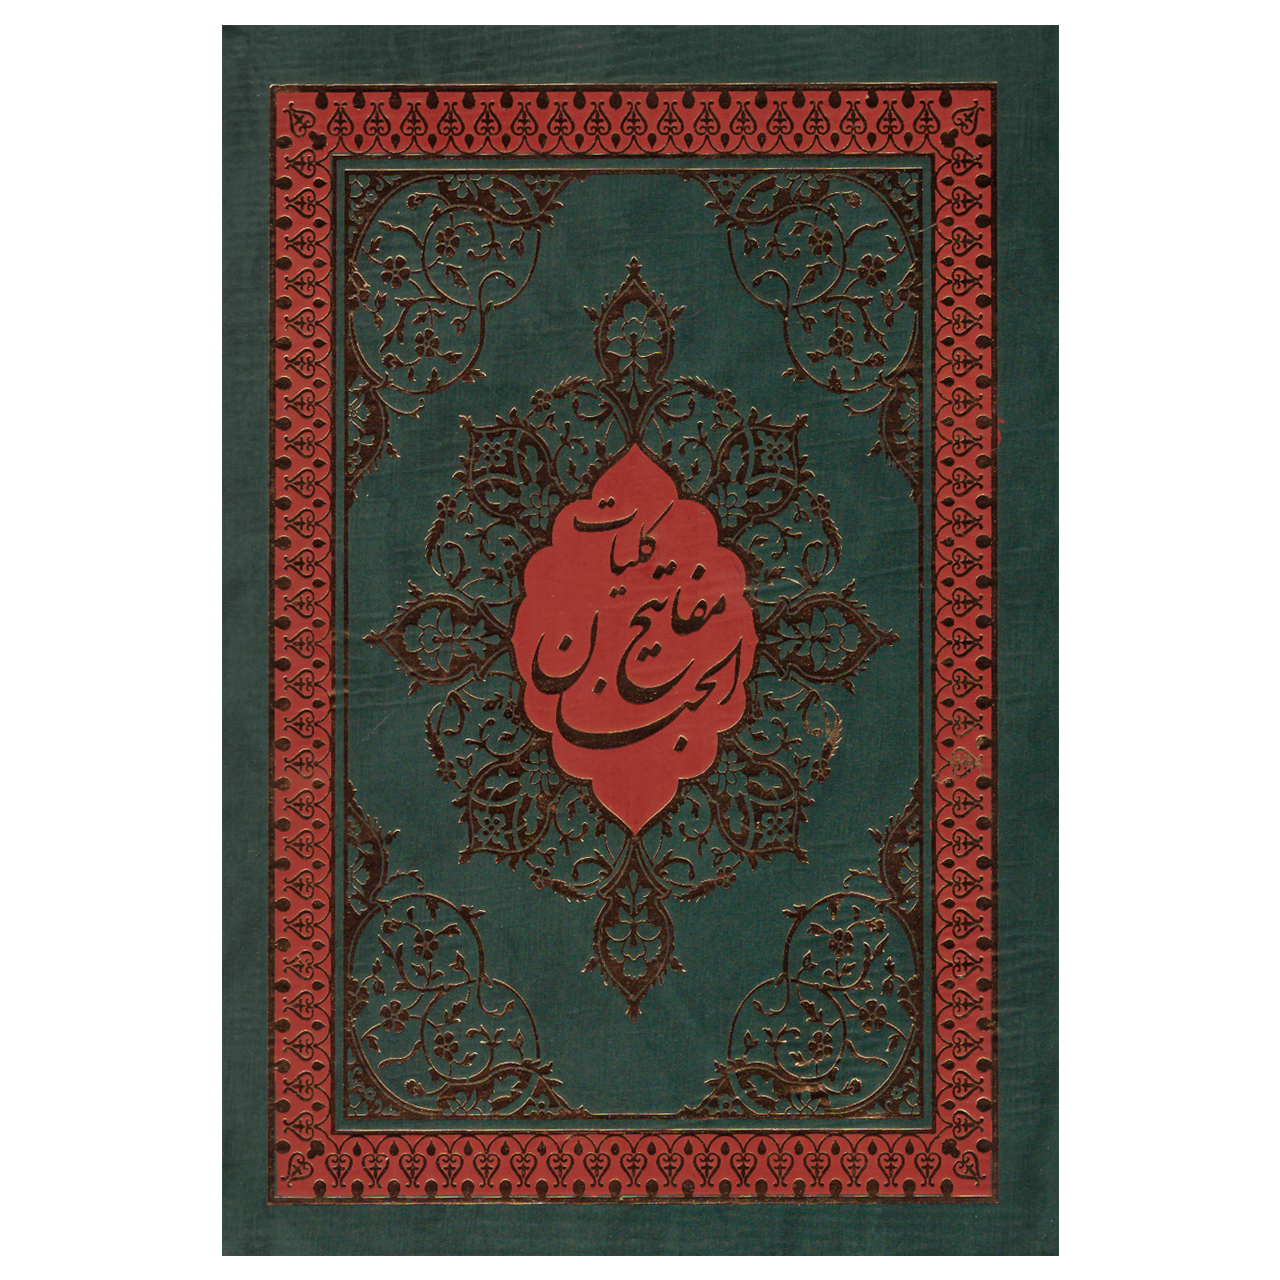 کتاب کلیات مفاتیح الجنان اثر شیخ عباس قمی انتشارت پیام آزادی
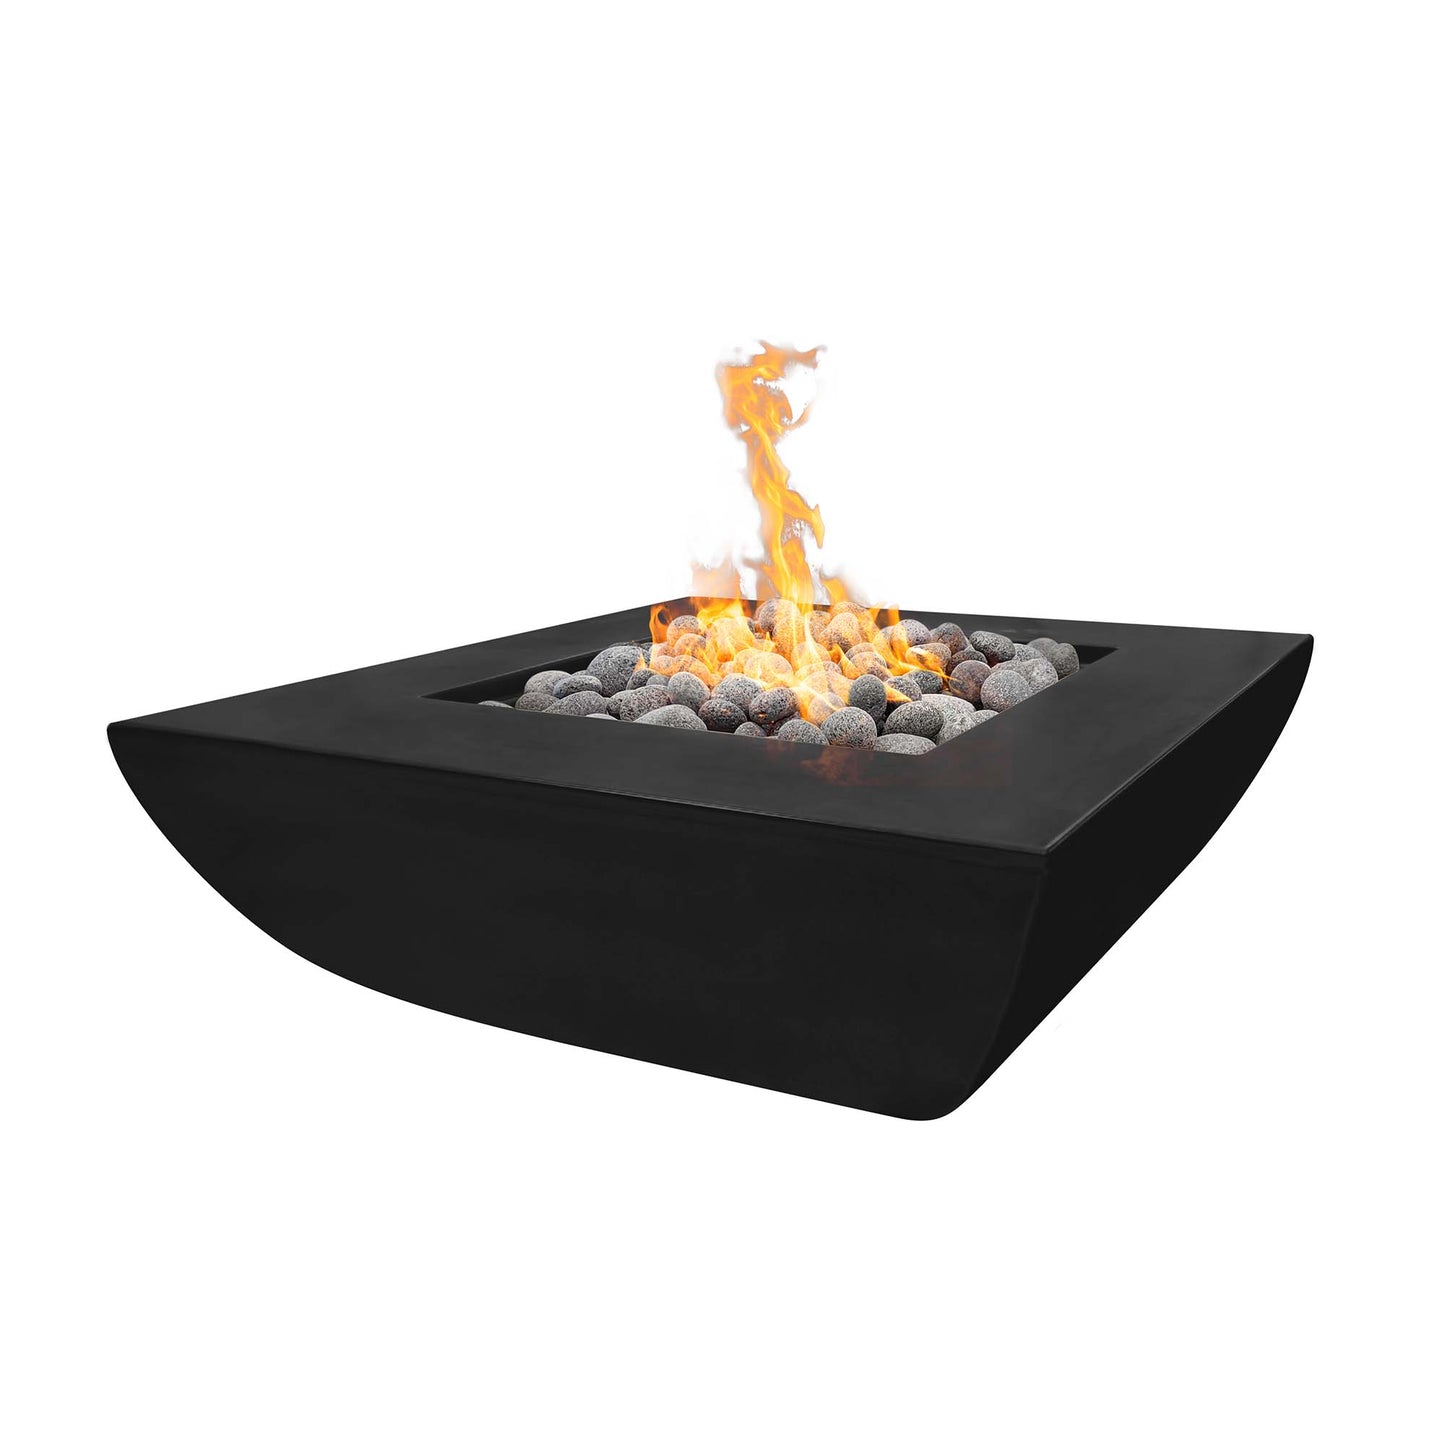 The Outdoor Plus Square Avalon 42" Chestnut GFRC Concrete Liquid Propane Fire Pit with Match Lit with Flame Sense Ignition
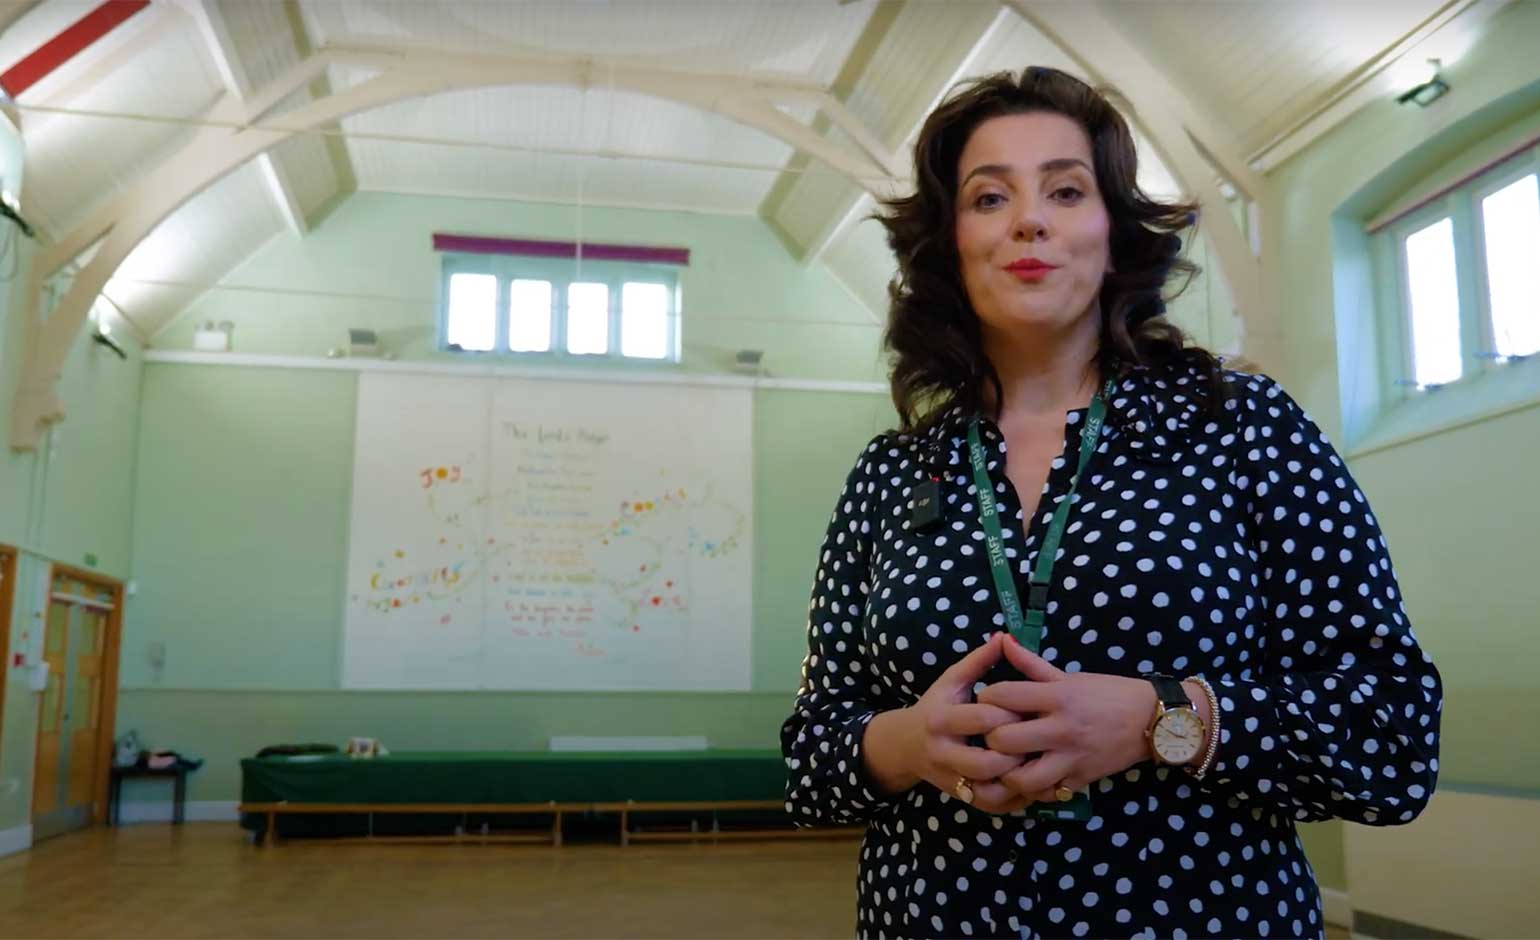 School launches campaign to raise £50,000 for hall refurbishment
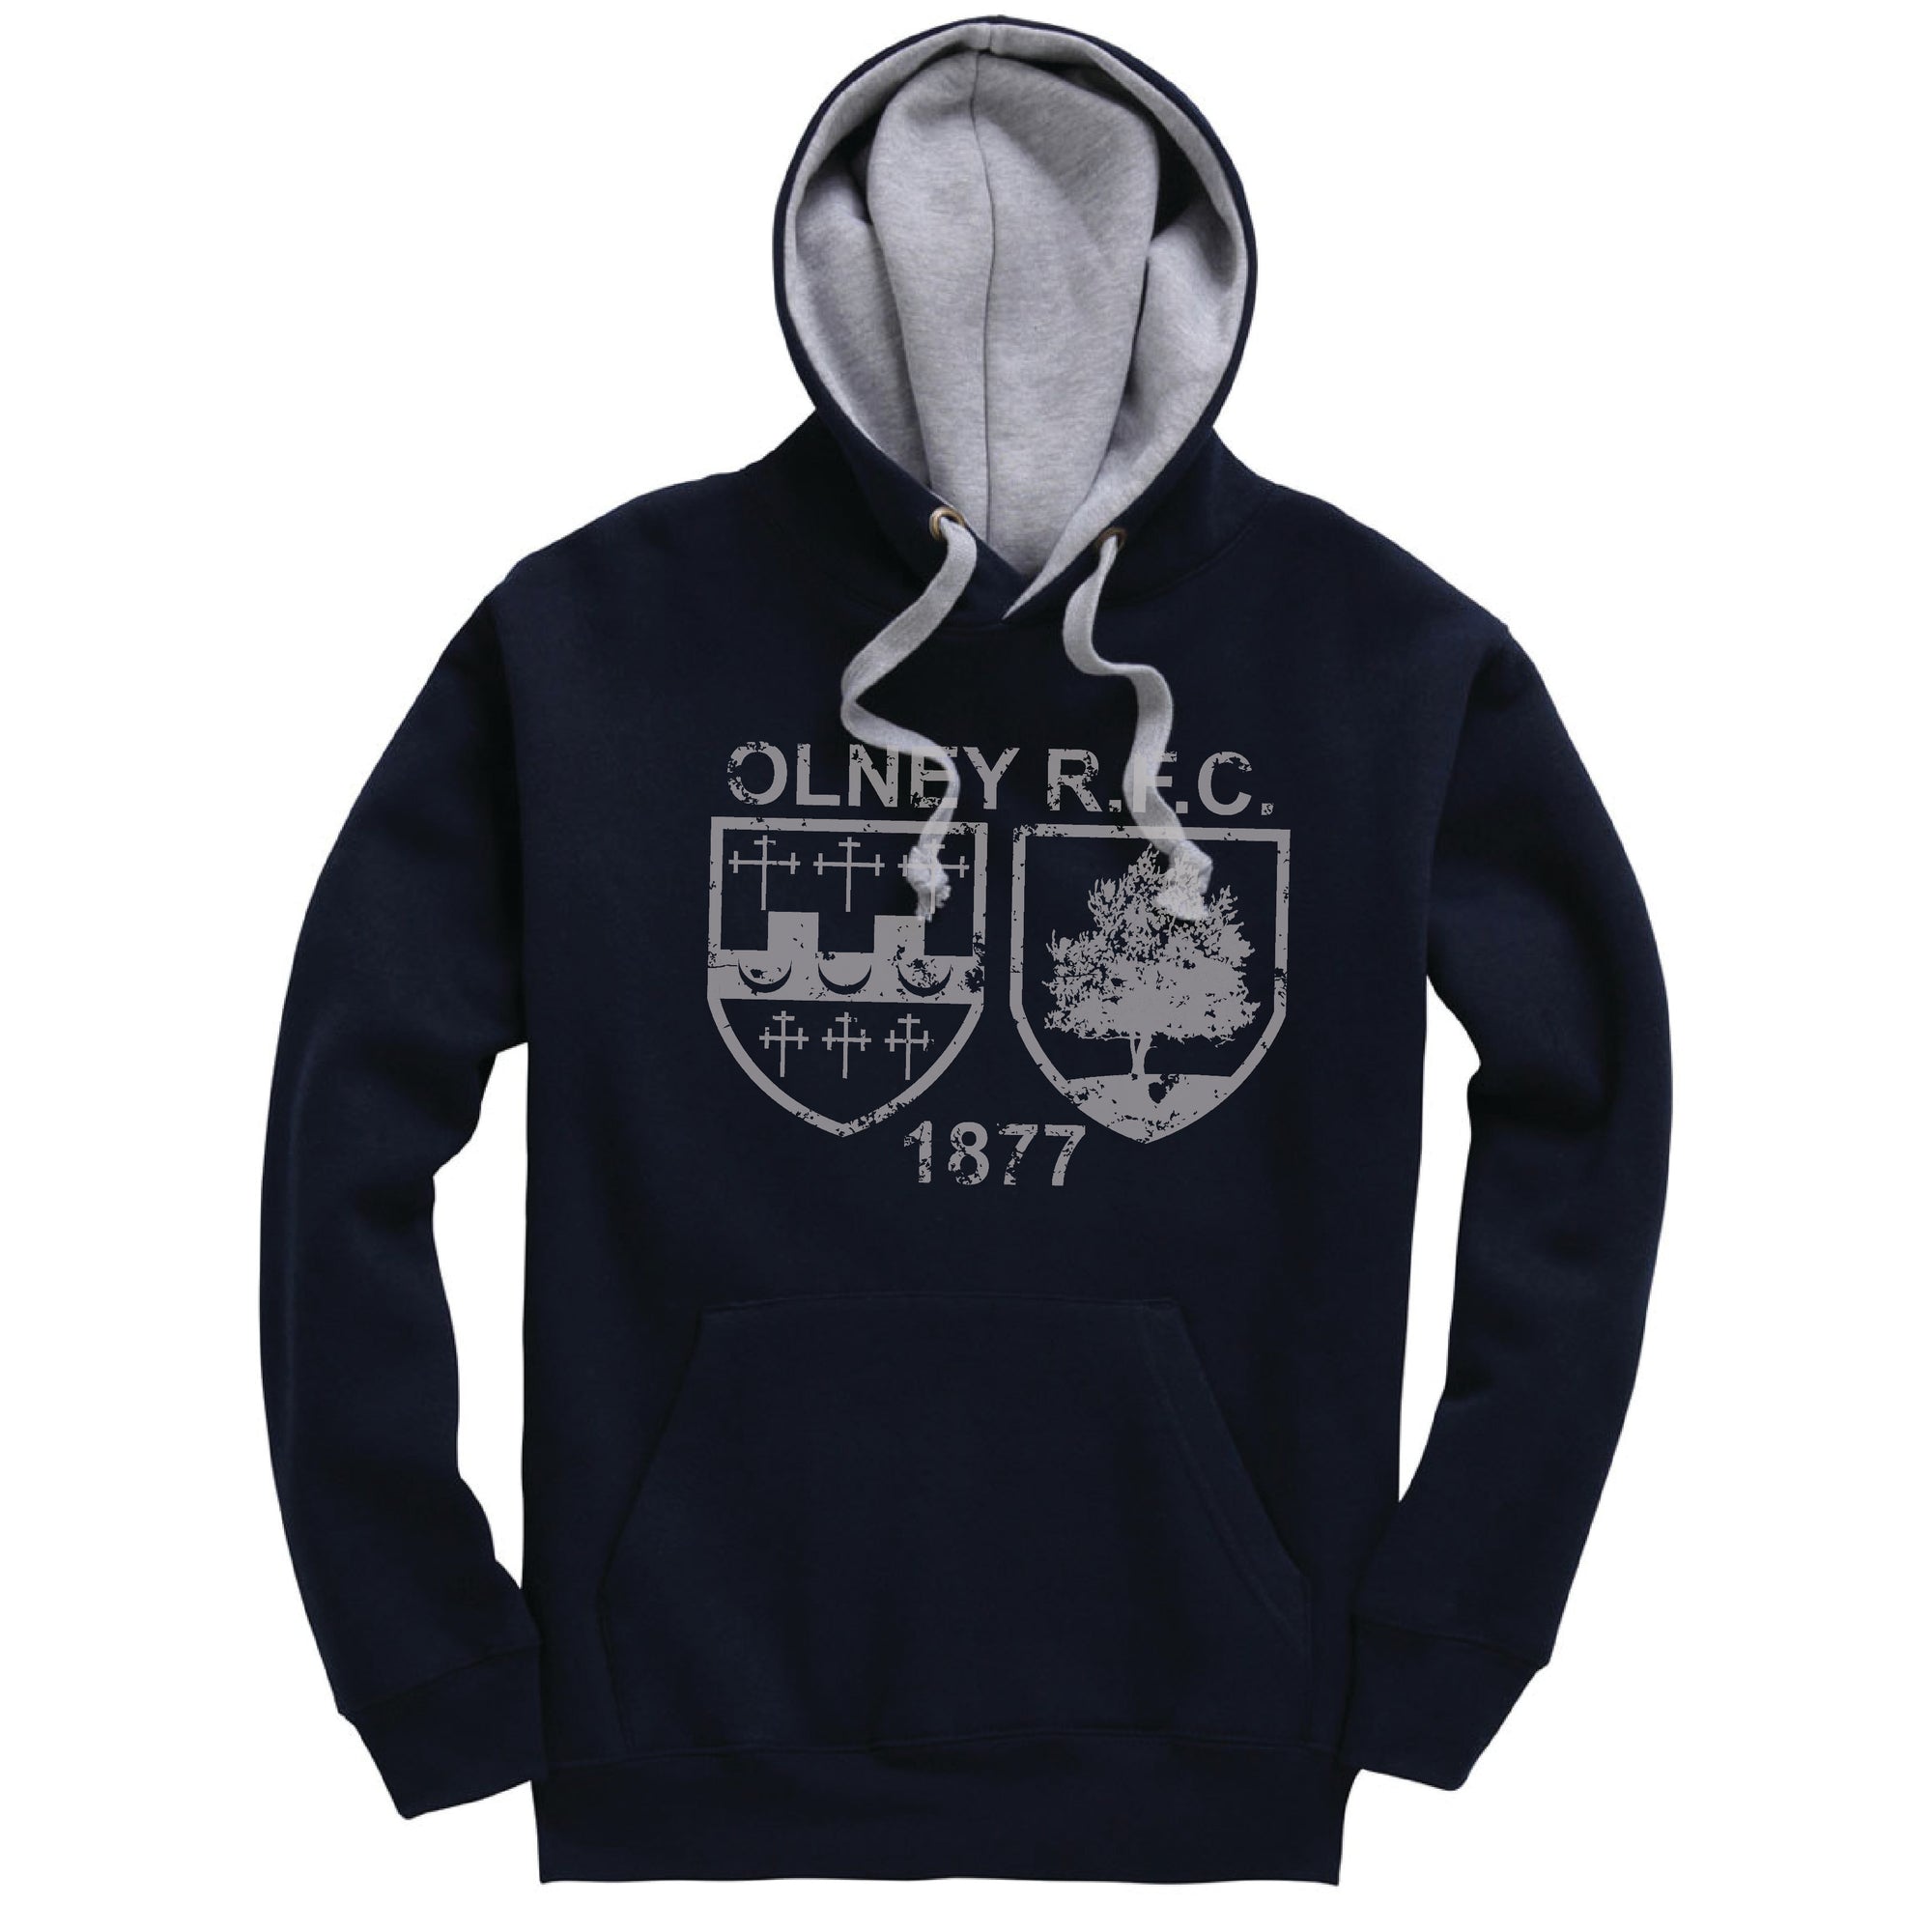 Olney RFC Supporter's Hoodie - Navy/grey

### DIRECTIONS
With the images removed, write out all of the material above exactly.

### ANSWER BELOW
 کتاب کلیات مفاتیح الجنان اثر شیخ عباس قمی انتشارت پیام آزادی
 The Outdoor Plus Square Avalon 42" Chestnut GFRC Concrete Liquid Propane Fire Pit with Match Lit with Flame Sense Ignition
 School launches campaign to raise £50,000 for hall refurbishment
 Olney RFC Supporter's Hoodie - Navy/grey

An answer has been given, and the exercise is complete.